Domain	Attempted Creation	Successful Creation	Reuse Skill	# Examples
shopping	21	8	96	180
admin	38	15	108	156
reddit	24	11	14	105
map	13	10	80	109
gitlab	25	11	10	175

R2.2: Shuffling example ordering

We did not compare different example ordering, because the implementation of the WebArena benchmark evaluation enforces a particular order so that conducting earlier tasks does not contaminate the environment to do later tasks, thus we cannot flexibly change example ordering. We conduct all experiments following the original WebArena order. We do agree that example ordering is an interesting angle to analyze the ASI method in future works.

R3: Induction input We provide the reasoning chain of thought and action associated with each action step for the entire episode as the skill induction input. We find reasoning chains-of-thought are sufficient augmentation to actions to induce high-quality skills, where adding additional state information (e.g., webpage accessibility tree) is long and noisy, thus often hurting end-task success rate. We provide the whole episode for induction, because identifying sub-episodes first and then applying skill induction to them would take extra compute, not practically simple, and often hurt performance in our preliminary studies.

R4: Skill verification

Our goal is to test if agents can successfully use induced skills, to achieve this we first need to have the agent (i) reuse the skills, which we encourage via prefix trajectory (with steps rewritten using new skills), and (ii) correctly use the skills, by our evaluation of the agent task re-solving trajectory. So our skill verification does tell if agents can (i) reuse the skill, and (ii) correctly, to solve the task. Note that we do not add the induced skill to the agent’s action space if (i) or (ii) is not passed, to avoid low-quality skills affecting later task-solving processes.

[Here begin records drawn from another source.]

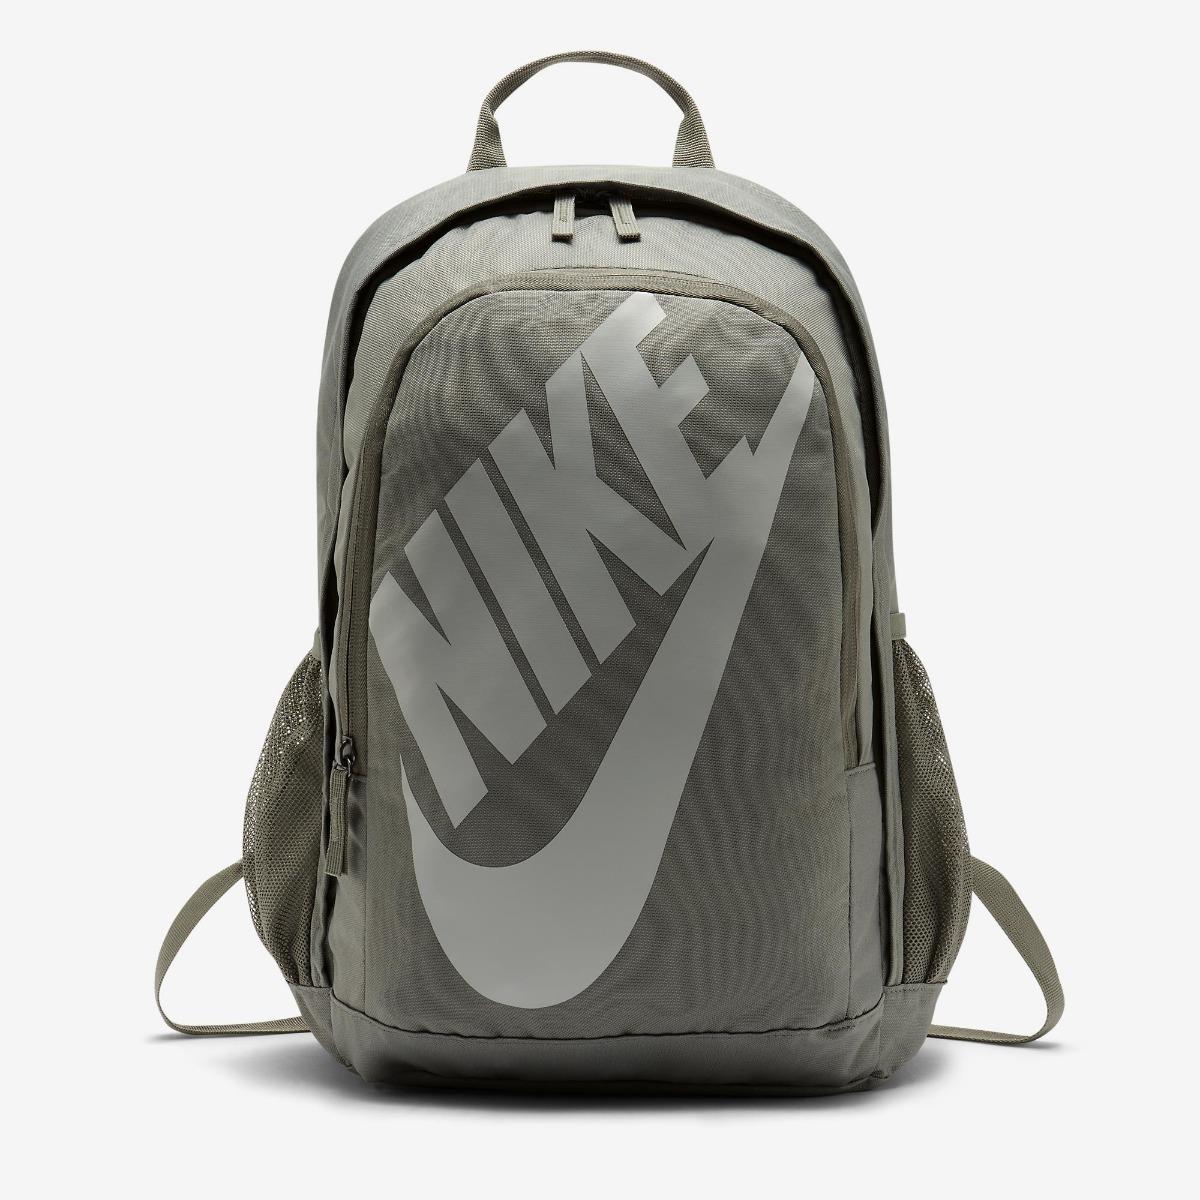 4197a2304 mochila nike hayward futura 2.0 - mochila escolar - cinza. Carregando zoom.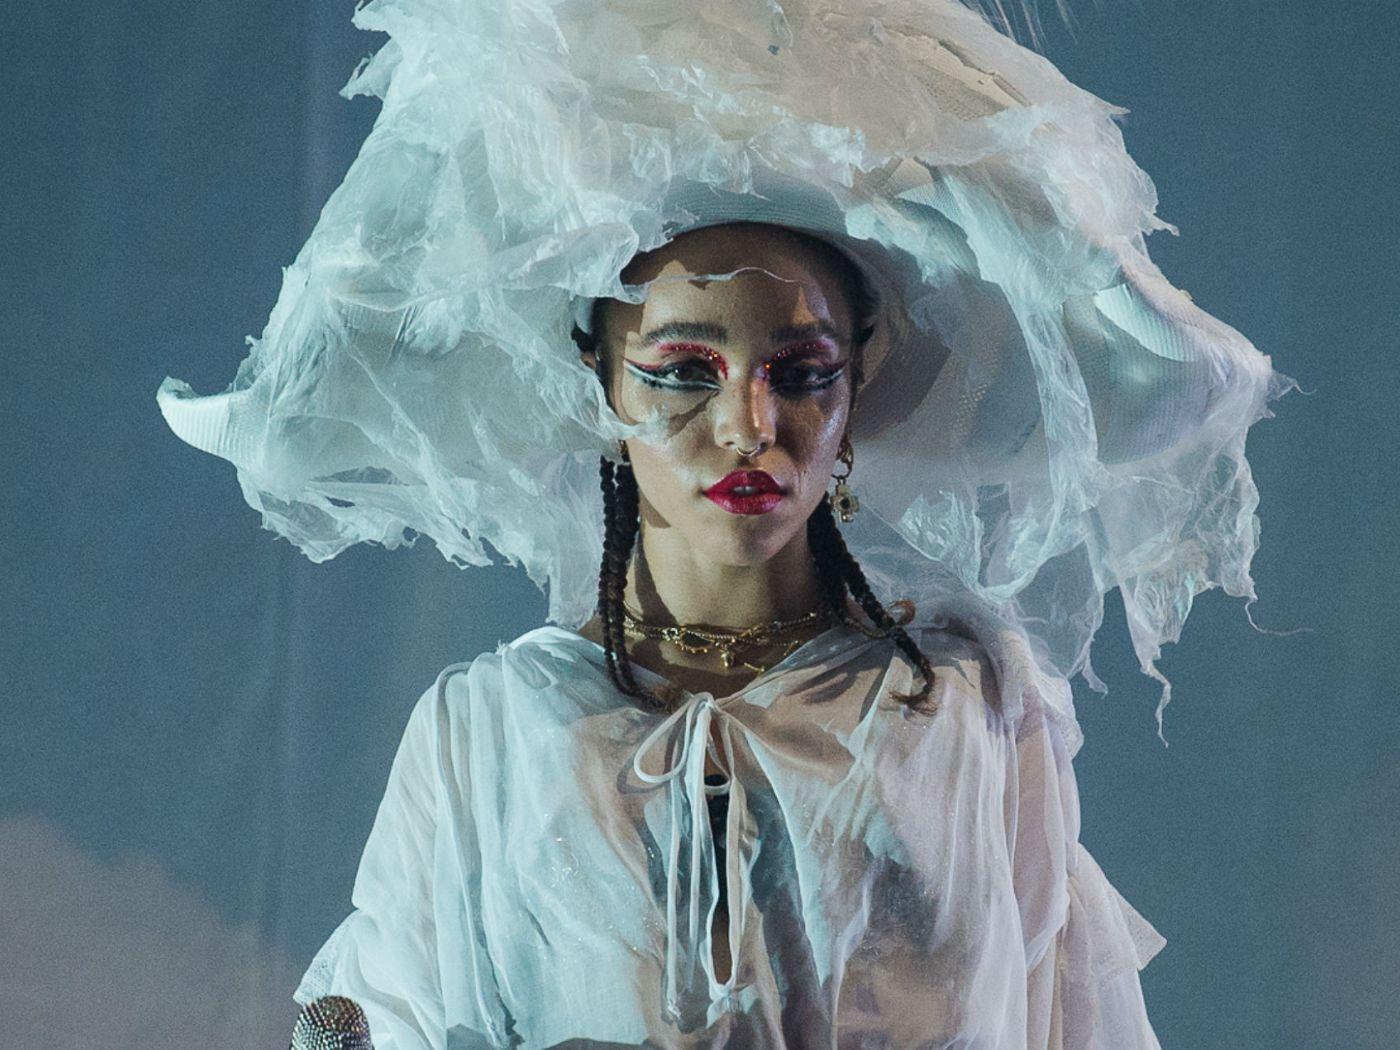 FKA twigs - 'MAGDALENE' album review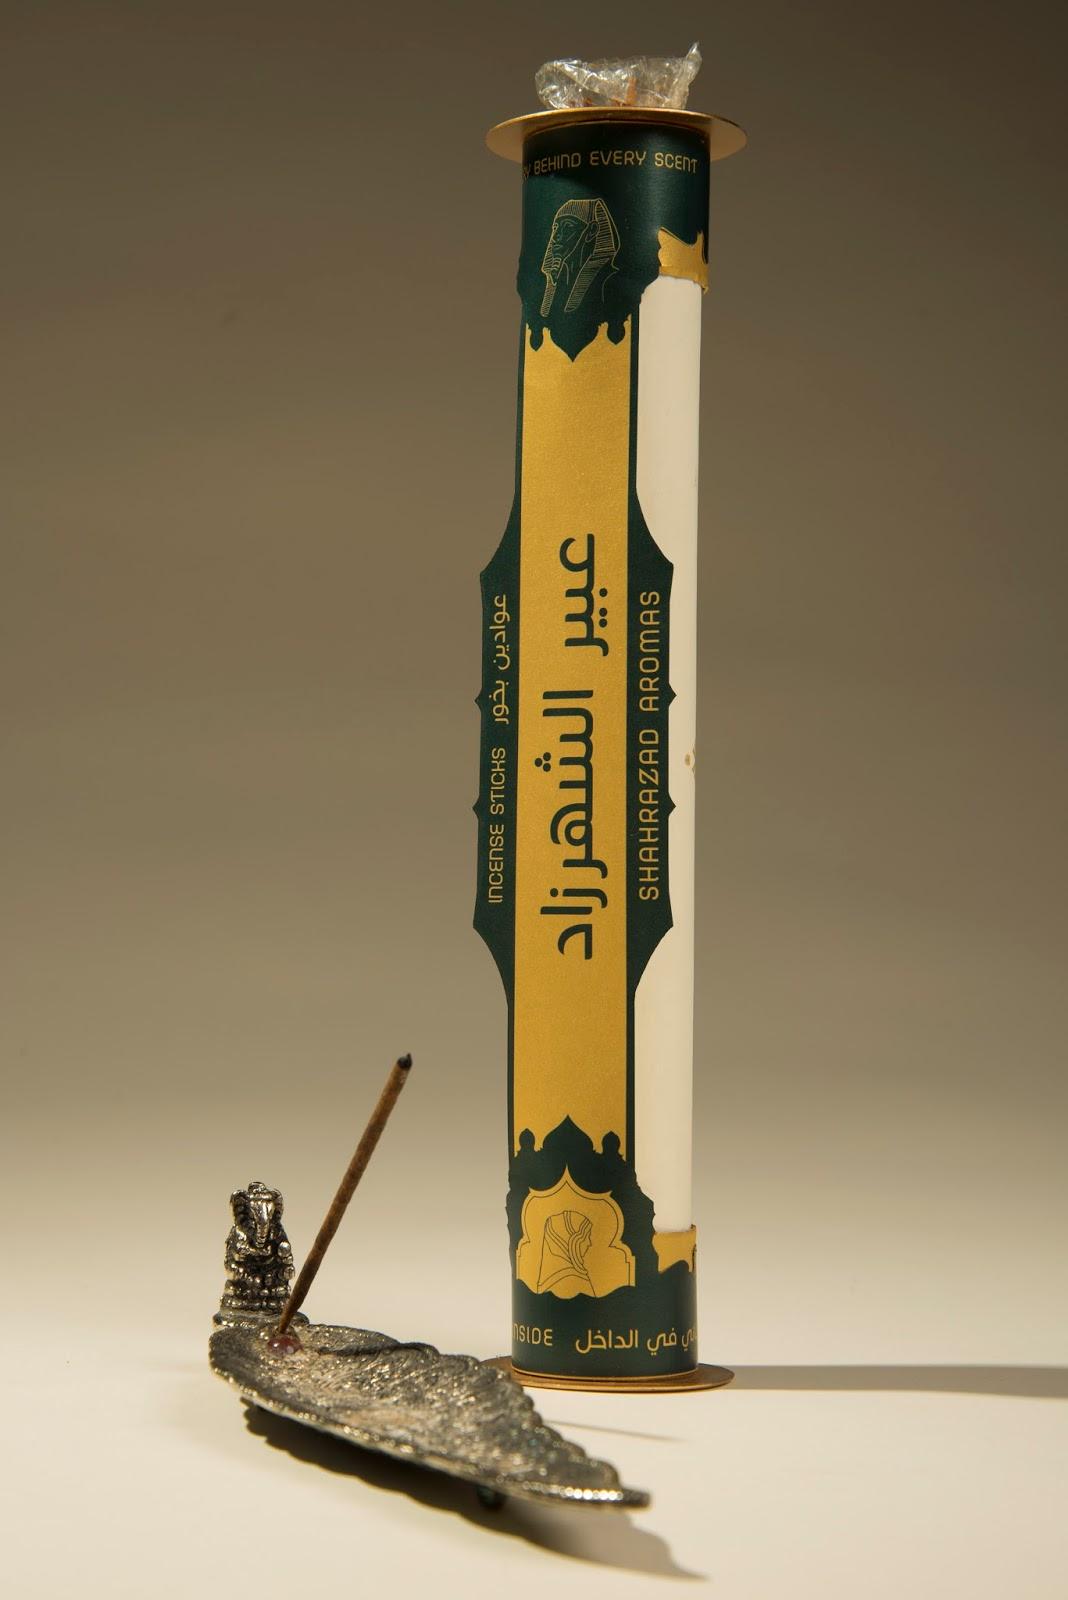 Shahrazad Aromas Incense Sticks - housewares' Labels Designed By Eric Collier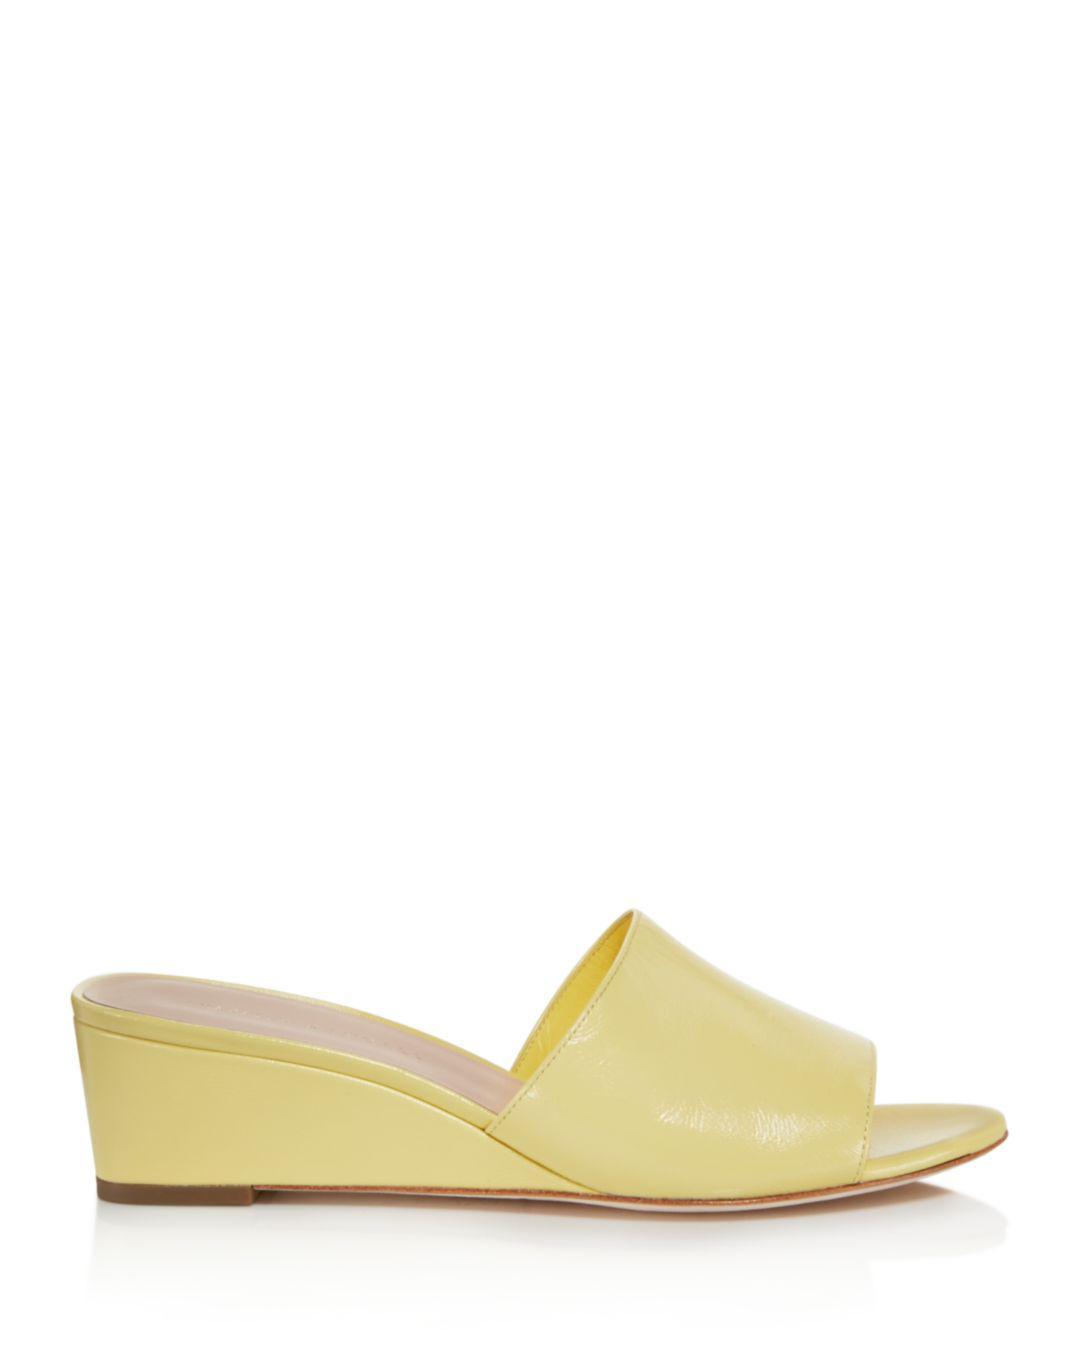 ad85aac5b7 Lyst - Loeffler Randall Women's Tilly Demi Wedge Slide Sandals - Save 40%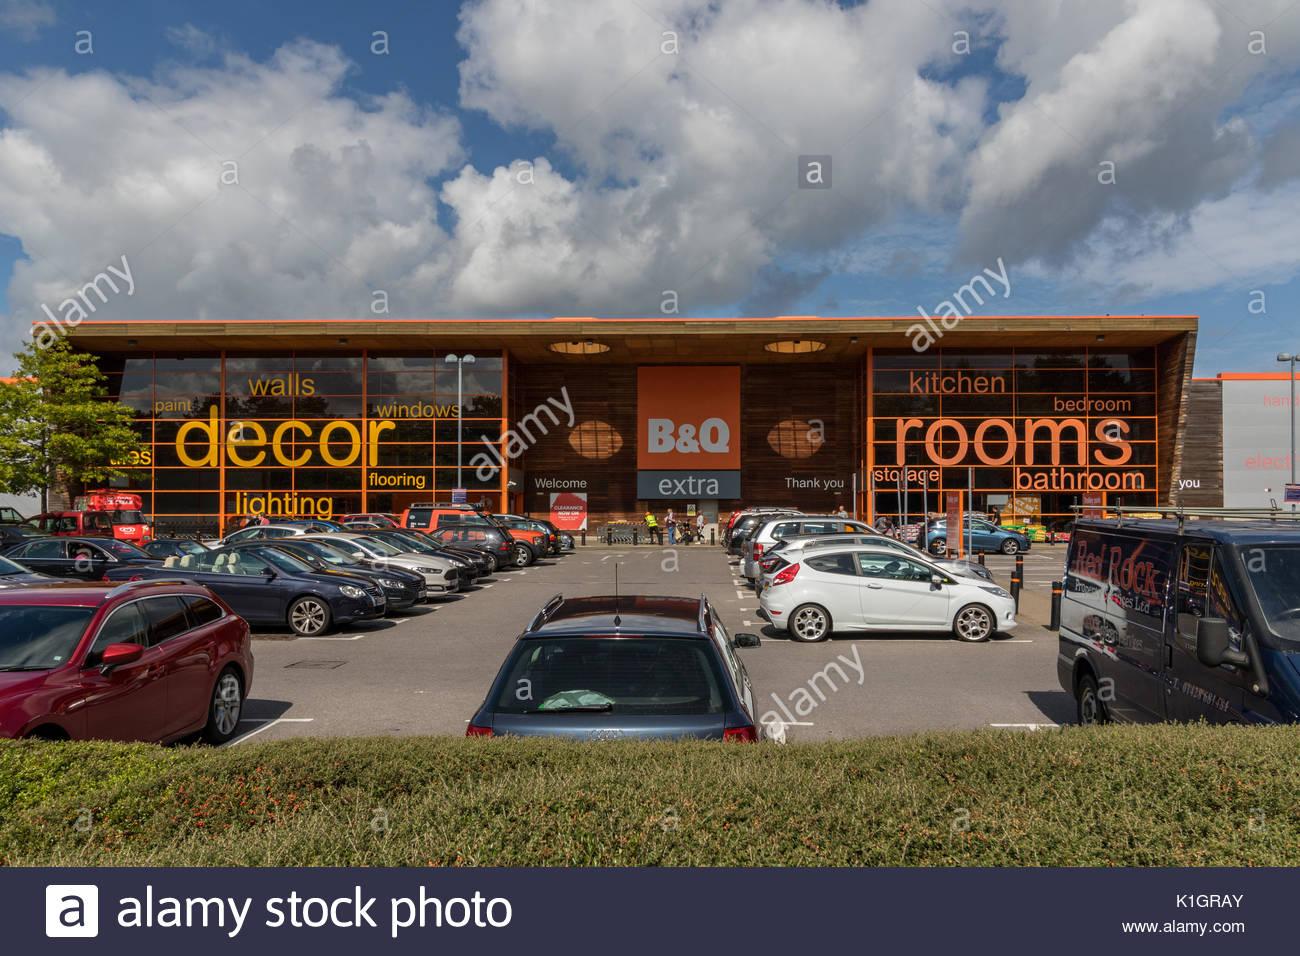 The exterior of the B&Q Store, Farnborough, Hampshire. - Stock Image

R5: Baseline: add previous episodes directly in context

Thank you for the suggestion. We recognize this is a reasonable baseline and acquire its performance on WebArena – 35.6 in success rate — 4.8 lower than ASI; furthermore, this baseline agent uses an average of 6.3 steps to solve tasks, 26.0% more than ASI, because the agent cannot call high-level skills to achieve more scalable trajectories. We will additionally report this number in the revised paper.

最终决定Accept

2025-07-08

This paper presents Agent Skill Induction (ASI), a novel method for inducing and verifying executable programmatic skills in web agents. The approach is original, practical, and demonstrates clear improvements over baselines like AWM in success rate, efficiency, and generalization across tasks and domains. All reviewers rated the paper above the acceptance threshold, and the authors provided strong rebuttals addressing concerns around clarity, baseline comparisons, ablations, and statistical significance. Reviewers acknowledged the value of the program-based skill representation and its potential for broader agent generalization.